Suppose the function $f$ is continuous on $[a,b]$ and differentiable on $(a,b)$ such that $f(a)=f(b)=0$. Prove that there exist a point $c\in(a,b)$ such that $$f(c)-f'(c)=0$$ From the question above, or otherwise, show that the equation $$1+x+\frac{x^2}{2!}+\cdots+\frac{x^{2n+1}}{(2n+1)!}=0$$ has real roots on $\mathbb{R}$ but not more than two. Additionally, show that the equation $$e^x-x^n=0$$ has at most three real roots on $\mathbb{R}$, where $n \in \mathbb{N}$.
My attempt: Suppose the function $$h(x)=e^{-x}f(x)$$ Then $$h'(x)=e^{-x}[f(x)-f'(x)]$$ Since $h(a)=h(b)=0$ and $e^{-x}>0$ for all real $x$, then there exist a point $c\in(a,b)$ such that $h'(c)=0$ i.e. $f(c)-f'(c)=0$. Then I get stuck on the following question. Should I start it with construct a function $$h(x)=e^{-x}[1+x+\frac{x^2}{2!}+\cdots+\frac{x^{2n+1}}{(2n+1)!}]$$ and follow my previous procedure?
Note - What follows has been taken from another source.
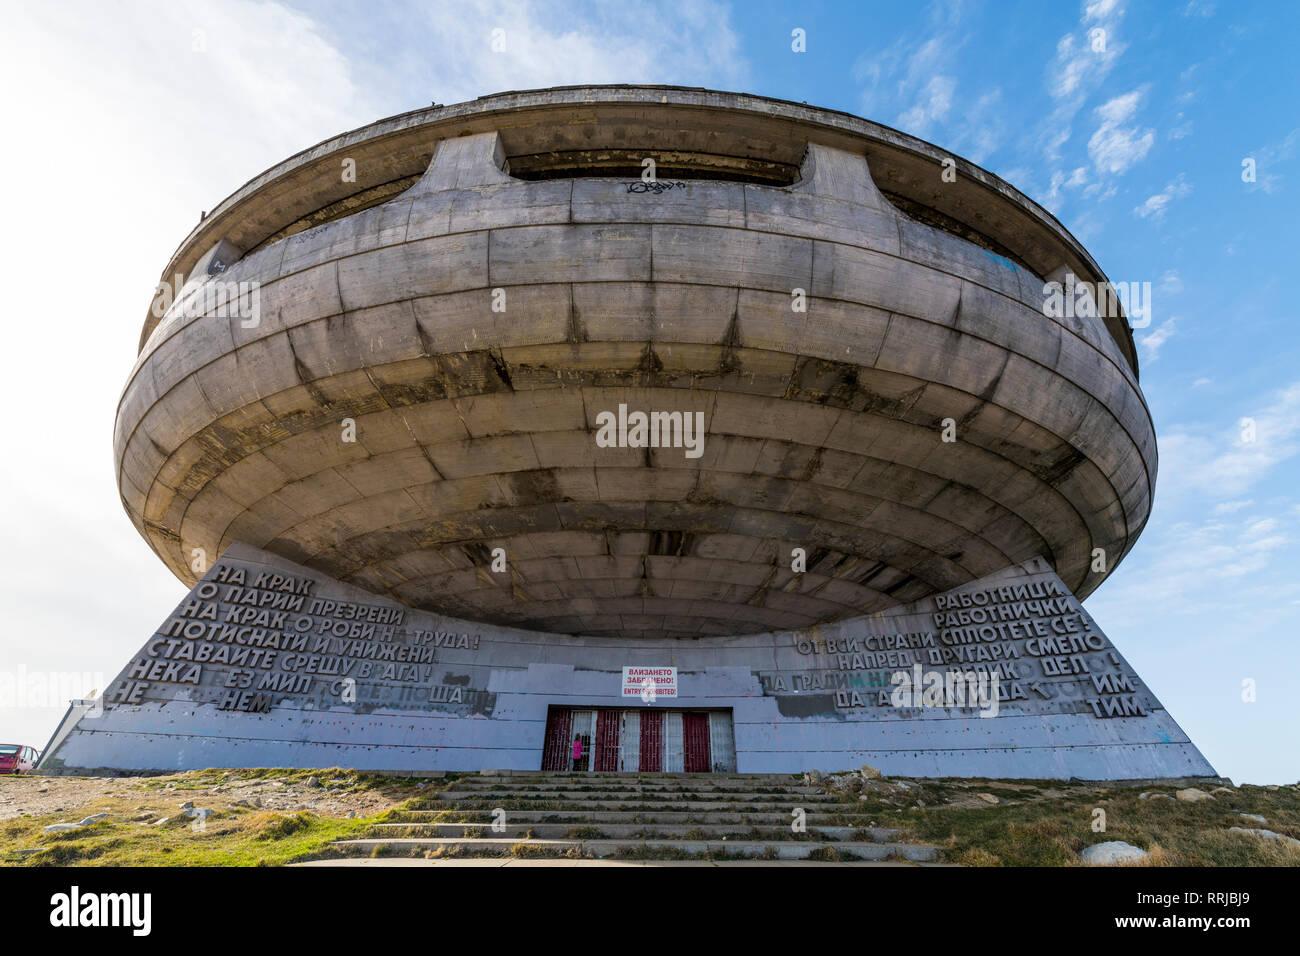 House of Bulgarian Communist Party, Buzludzha site, Bulgaria, Europe - Stock Image

The answer above addressed the second part of your question, so I guess I'll answer the third. We break it into cases for $n$ even and $n$ odd.
Let $f(x)=e^x-x^n$, so that $f'(x)=e^x-nx^{n-1}$
First, assume $n$ is odd, so that $x<0\rightarrow x^n<0$; this along with the fact that $0$ is not a root of $f$ means our roots must be positive. Assume we have two roots $a \neq b$ and assume w.l.o.g that $a<b$, from the above result, we have that $\exists_{c\in\mathbb{R}}f(c)=f'(c)$ so we have that $e^c-c^n=e^c-nc^{n-1}\rightarrow c=n$,and obviously $c$ can only belong to one interval of roots of $f$.
Now, let $n$ be even, we apply the exact same reasoning as above to show that $f$ can have at most $2$ positive roots. To show that there can be at most $1$ negative root, we note that $x^n$ is strictly decreasing for $x\in\mathbb{R}^{-}$ and $e^x$ is strictly increasing for $x\in\mathbb{R}$ so they can (and do by IVT) intersect at most once.
So then, the sum of roots is at most $3$ for even $n$ and at most $2$ for odd $n$, so is at most $3$.